What would I do without God? I don't even want to imagine. He IS the way and the truth and the life. He IS the Alpha and Omega. He IS everything...the Creator of all things. And yet...in all of that, He's still that still, small voice inside my heart. Who am I that you are mindful of me? There are no words...
Life is crazy. Yes. It is. But God is good. All the time. And when I get over myself I realize that I have so much to be thankful for. SO much. My kids...my husband...family...my cozy home...central heat...coffee...health....kindred spirits...a car that runs...reading glasses...food in the cupboard...clean water...hot water...friends...sisters in Christ...the list goes on...and on.
In the midst of the storm...I am thankful. God is for me...and His love endures forever. And I am grateful...

8 comments:

Elaine said...

Stand firm, my friend. I'm grateful for you today.

Anonymous said...

yep, I second Elaine. You can do this. Be strong and courageous.

A Friend Across the Miles said...

Amen, amen, amen.

You also have friends that are praying in earnest...
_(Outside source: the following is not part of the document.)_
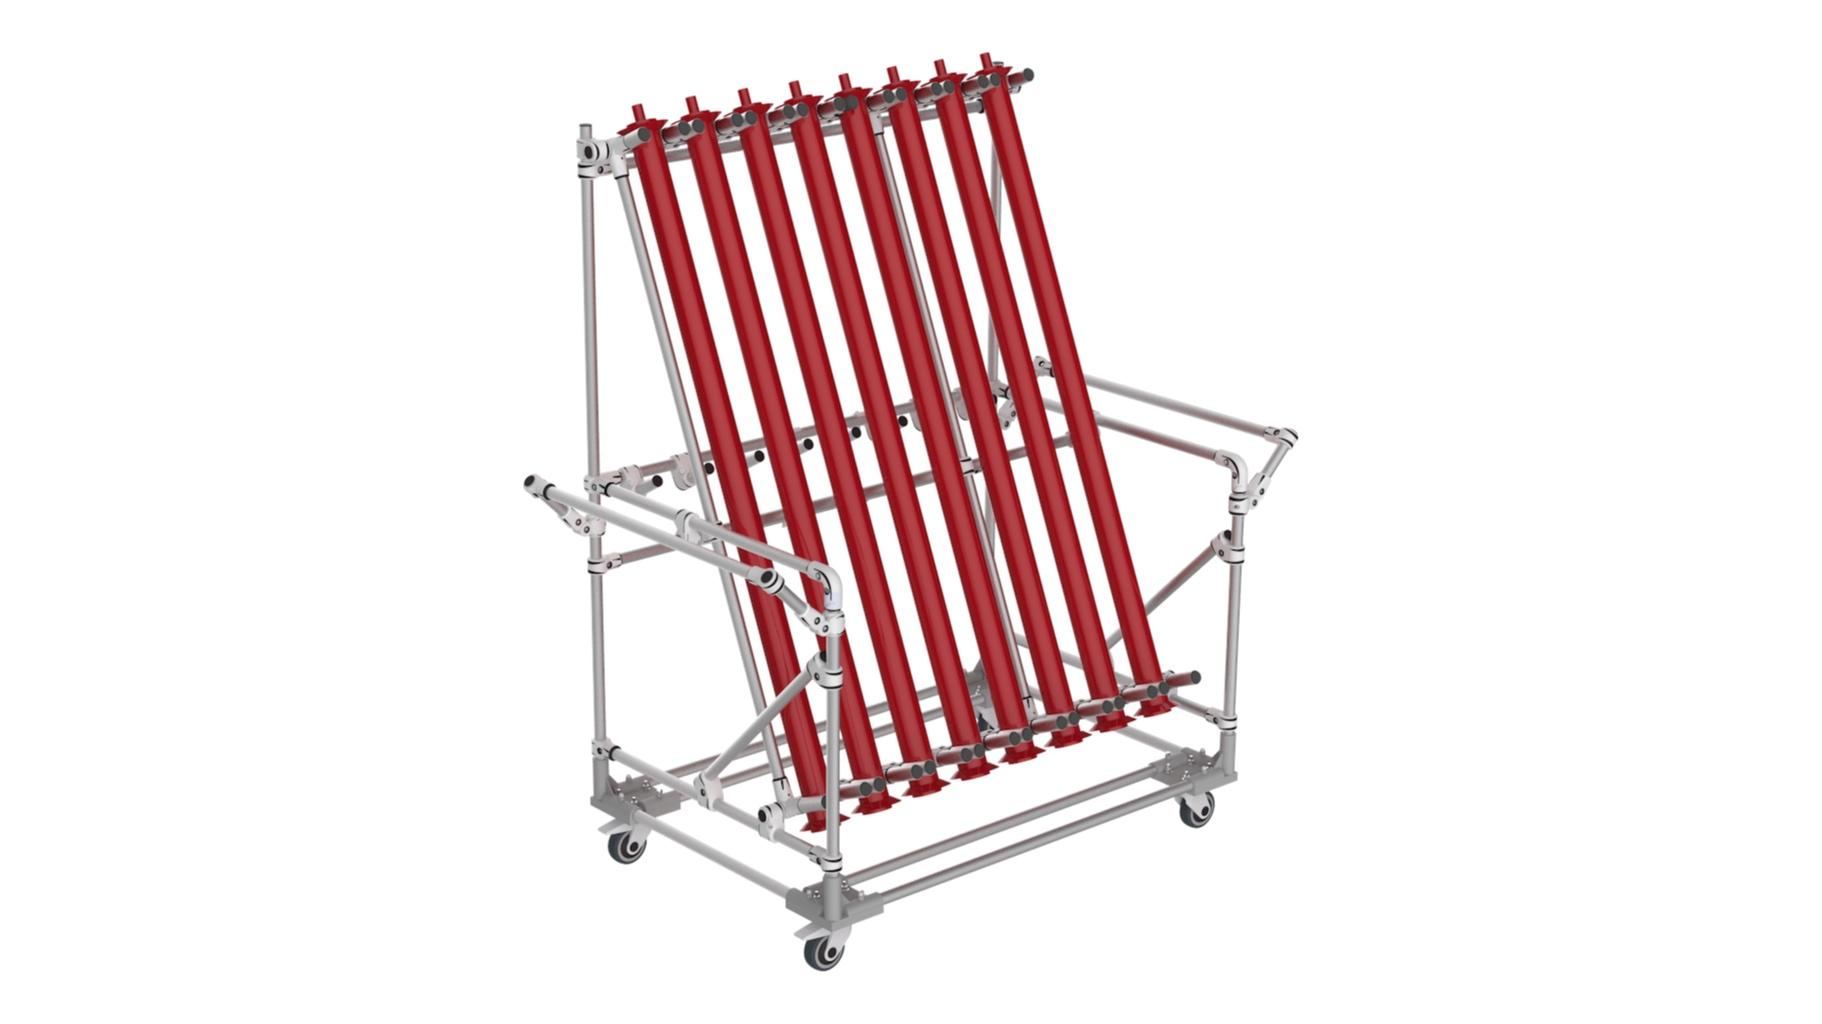 Aerospace - Storage rack for light fixtures.

"Be still and know that He is God. Be still and know that He is able. Come rest your head upon His breast..."

Unknown said...

So many thoughts running in my head as I read your post. You have beautifully expressed so many truths that we must cling to. I feel for you more than you know. My husband and I built our dream home and have continued to work on it for six years. My husband has poured so much of himself into this place! We thought this would be our last home - a permanent place. Tomorrow, a real estate agent is coming to tell us what we need to do to sell it. So we can downsize. It's that or I go back to work with little ones still at home. Choices. What is right for me is not necessarily right for someone else, but we adopted these children so we could parent them. I am making my choice. The house is just an earthly dwelling. We're putting it up for sale and letting God decide what is best. Now I have to walk in faith and trust Him. Thanks again for sharing your heart and so many good scriptures!

Michelle said...

:::hug:::
Be anxious for nothing, but in everything by prayer and supplication with thanksgiving let your requests be made known to God.
Philippians 4:6

http://bible.cc/philippians/4-6.htm

I use bible.cc to find passages when I can't remember enough to find them in a Bible. The site offers several translations so it's helpful when you can't remember the phrase exactly.
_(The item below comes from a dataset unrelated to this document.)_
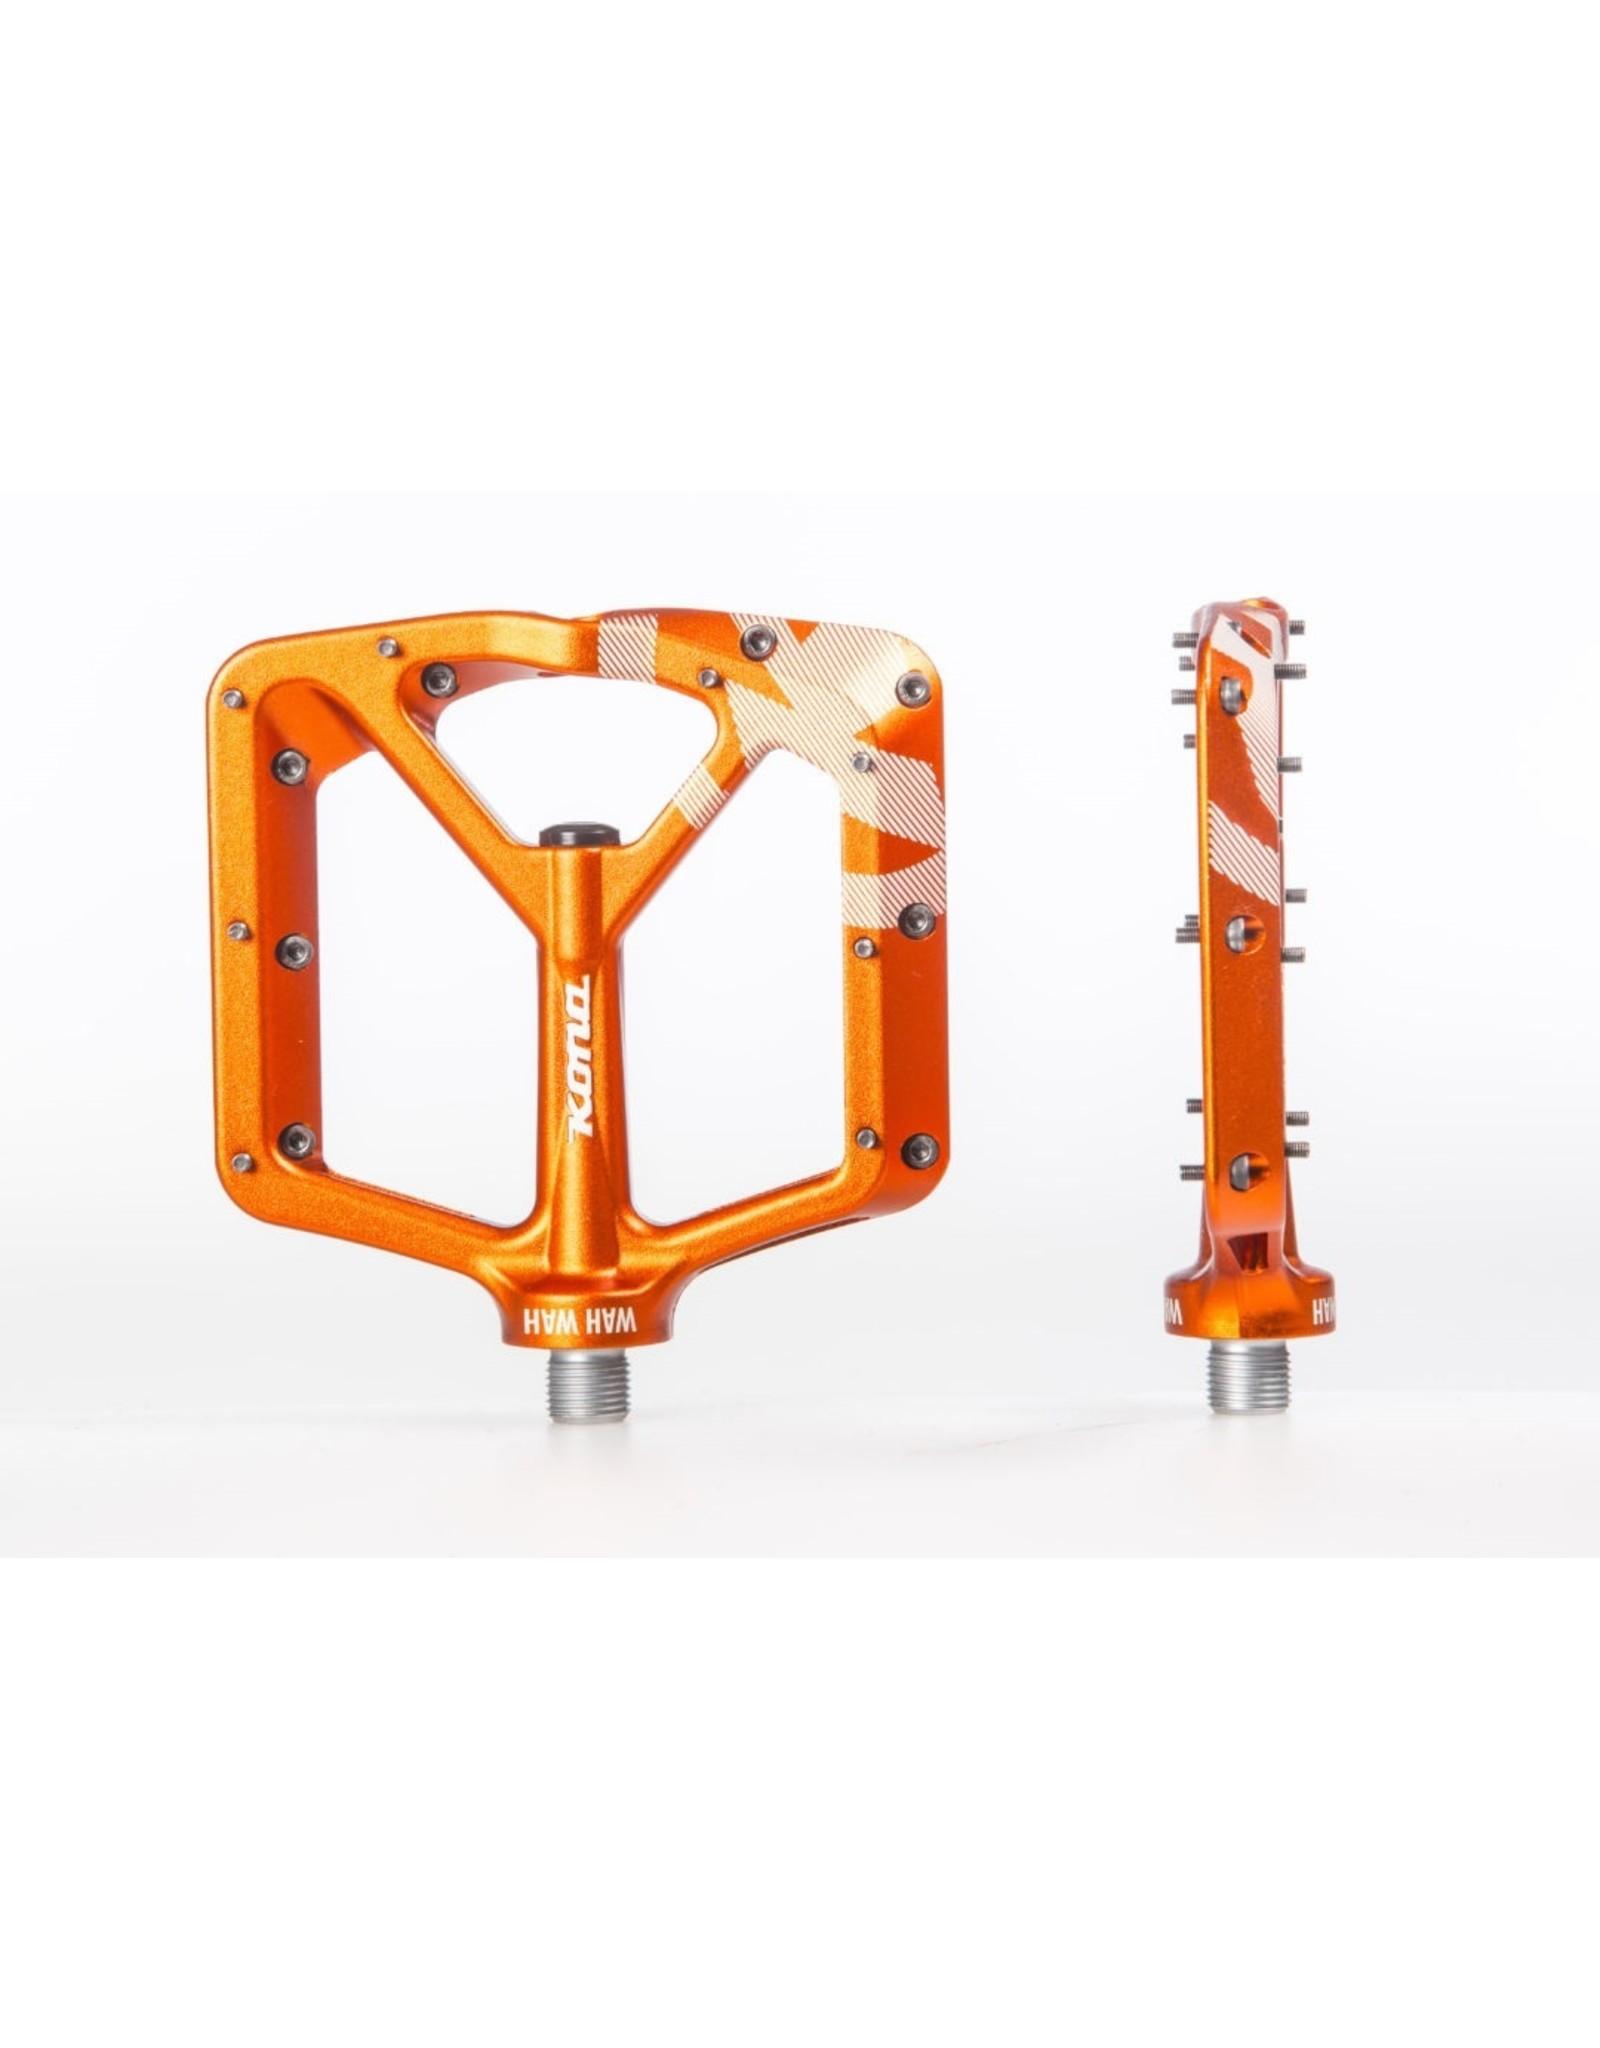 pedal kona wah wah 2 alloy orange

It's good that you and Chris are being proactive to keep the business going. I'll keep you and your family in my prayers.

Wren said...

Oh love.. Keeping you close in my thoughts and prayers...

Conny said...

This too shall pass (as I've thought to myself many times). I hope the move goes well. I'm with Beegirl - keeping you in thoughts and prayers.

Nancy said...

Oh girl. I've been away for a week so I'm trying to get caught up here. Sounds like a difficult week. I do hope that the pressures have lessened, meaning that the move is done. Be strong. Like BeeGirl, I'll be keeping you close.